About weakly Cauchy sequences in complete metric spaces

Question

Let $(X,d)$ be a complete metric space. Call a sequence $(x_n)\subseteq X$ a weakly Cauchy sequence in $X$ if there is some $y\in X$ such that $(d(y,x_n))_n$ is a Cauchy sequence in $\mathbb{R}$. It is clear from the estimate $$|d(y,x_m)-d(y,x_n)|\leqslant d(x_m,x_n)$$ that a Cauchy sequence in $X$ is a weakly Cauchy sequence. It is also true that a Cauchy sequence $(x_n)$ is bounded i.e. there is $z\in X$ such that $\sup_nd(z,x_n)<+\infty$.

Is it true that a bounded and weakly Cauchy sequence in $X$ is a Cauchy sequence in $X$?

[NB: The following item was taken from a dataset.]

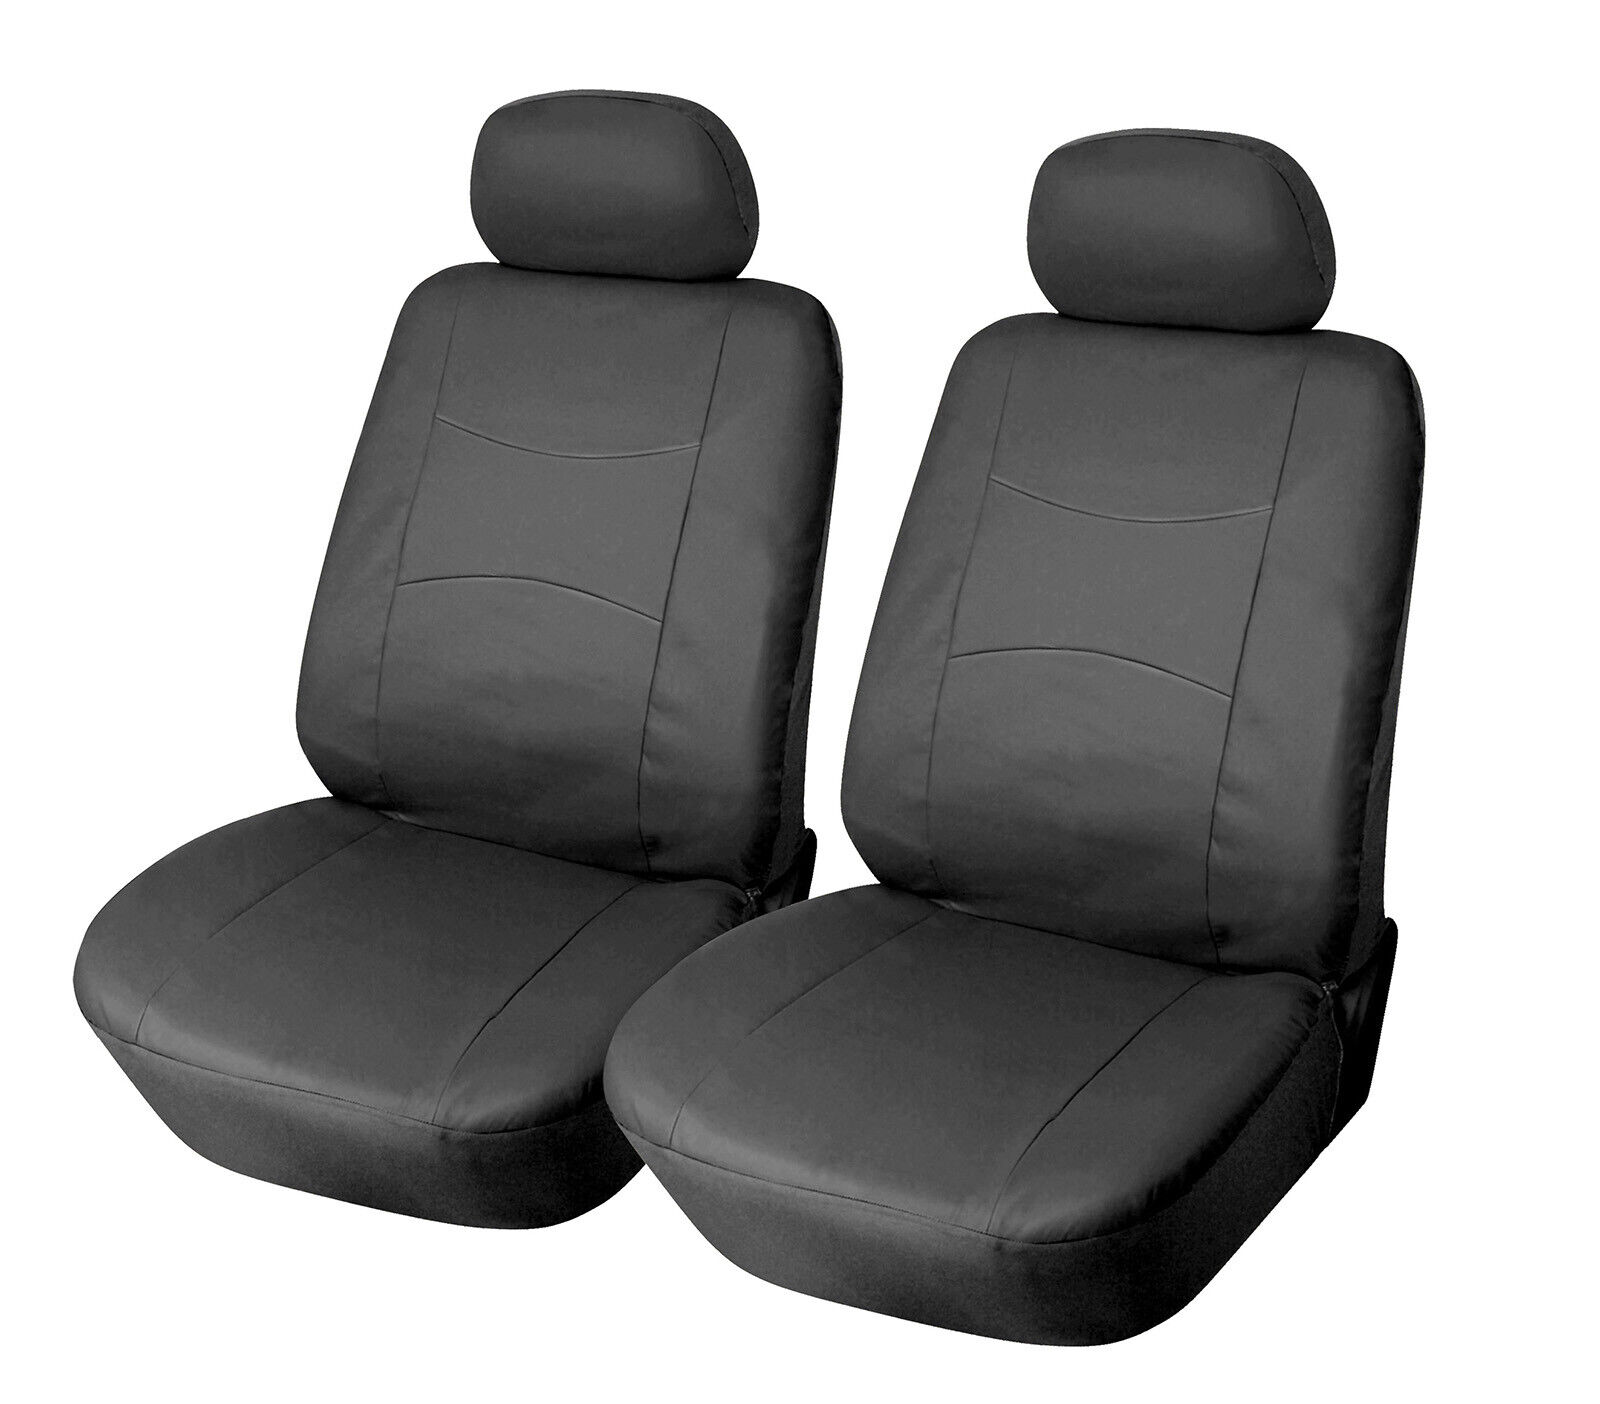 Leather like 2 Front Car Seat Covers for Toyota #7159

If not, under what additional conditions is a weakly Cauchy sequence in $X$ a Cauchy sequence?

Answer 1

The first statement is not correct. You can simply take $(X, d)=(\mathbb{R}, |\cdot|)$ (standard real line) and consider sequence $x_n=(-1)^n$. Then, for $y=0$ we have $d(y, x_n)=1$ for all $n\in\mathbb{N}$. However, the sequence $\{x_n\}_{n=1}^{\infty}$ is not the Cauchy sequence in metric space $(\mathbb{R}, |\cdot|)$ (because this metric space is complete and $\{x_n\}_{n=1}^{\infty}$ isn't convergent).

Note that $d(y, x_n)$ is a Cauchy sequence iff sequence $\{d(y, x_n)\}_{n=1}^{\infty}$ is convergent. That's why you need some unusual conditions for $(X, d)$ to make this statement true.